▶ [TASK TO COMPLETE]: Take the data that follows and retype it word for word.

▶ [STORED DATA]:

<<<<

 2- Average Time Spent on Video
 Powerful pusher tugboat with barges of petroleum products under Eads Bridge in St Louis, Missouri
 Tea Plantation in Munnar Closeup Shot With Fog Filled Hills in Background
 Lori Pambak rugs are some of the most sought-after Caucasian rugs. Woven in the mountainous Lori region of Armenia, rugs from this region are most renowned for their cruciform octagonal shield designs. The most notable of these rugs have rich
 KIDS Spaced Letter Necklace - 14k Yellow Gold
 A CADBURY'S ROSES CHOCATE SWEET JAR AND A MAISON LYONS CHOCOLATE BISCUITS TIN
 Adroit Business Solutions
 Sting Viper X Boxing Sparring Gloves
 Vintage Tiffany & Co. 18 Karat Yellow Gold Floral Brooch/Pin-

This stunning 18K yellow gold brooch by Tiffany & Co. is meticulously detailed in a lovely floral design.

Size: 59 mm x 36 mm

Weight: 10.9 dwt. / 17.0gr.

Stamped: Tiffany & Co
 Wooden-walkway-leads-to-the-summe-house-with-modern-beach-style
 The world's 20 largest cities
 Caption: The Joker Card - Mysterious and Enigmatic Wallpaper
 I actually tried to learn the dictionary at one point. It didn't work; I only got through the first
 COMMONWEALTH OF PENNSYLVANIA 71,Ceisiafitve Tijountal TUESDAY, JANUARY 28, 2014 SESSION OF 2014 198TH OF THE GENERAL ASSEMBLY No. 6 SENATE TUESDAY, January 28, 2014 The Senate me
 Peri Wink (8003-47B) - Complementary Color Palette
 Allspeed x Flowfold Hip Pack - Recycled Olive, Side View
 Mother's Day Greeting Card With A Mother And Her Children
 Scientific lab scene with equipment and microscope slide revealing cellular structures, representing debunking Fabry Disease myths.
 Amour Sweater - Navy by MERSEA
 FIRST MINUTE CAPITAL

>>>>

▶ [EXERCISE RESPONSE]:
 2- Average Time Spent on Video
 Powerful pusher tugboat with barges of petroleum products under Eads Bridge in St Louis, Missouri
 Tea Plantation in Munnar Closeup Shot With Fog Filled Hills in Background
 Lori Pambak rugs are some of the most sought-after Caucasian rugs. Woven in the mountainous Lori region of Armenia, rugs from this region are most renowned for their cruciform octagonal shield designs. The most notable of these rugs have rich
 KIDS Spaced Letter Necklace - 14k Yellow Gold
 A CADBURY'S ROSES CHOCATE SWEET JAR AND A MAISON LYONS CHOCOLATE BISCUITS TIN
 Adroit Business Solutions
 Sting Viper X Boxing Sparring Gloves
 Vintage Tiffany & Co. 18 Karat Yellow Gold Floral Brooch/Pin-

This stunning 18K yellow gold brooch by Tiffany & Co. is meticulously detailed in a lovely floral design.

Size: 59 mm x 36 mm

Weight: 10.9 dwt. / 17.0gr.

Stamped: Tiffany & Co
 Wooden-walkway-leads-to-the-summe-house-with-modern-beach-style
 The world's 20 largest cities
 Caption: The Joker Card - Mysterious and Enigmatic Wallpaper
 I actually tried to learn the dictionary at one point. It didn't work; I only got through the first
 COMMONWEALTH OF PENNSYLVANIA 71,Ceisiafitve Tijountal TUESDAY, JANUARY 28, 2014 SESSION OF 2014 198TH OF THE GENERAL ASSEMBLY No. 6 SENATE TUESDAY, January 28, 2014 The Senate me
 Peri Wink (8003-47B) - Complementary Color Palette
 Allspeed x Flowfold Hip Pack - Recycled Olive, Side View
 Mother's Day Greeting Card With A Mother And Her Children
 Scientific lab scene with equipment and microscope slide revealing cellular structures, representing debunking Fabry Disease myths.
 Amour Sweater - Navy by MERSEA
 FIRST MINUTE CAPITAL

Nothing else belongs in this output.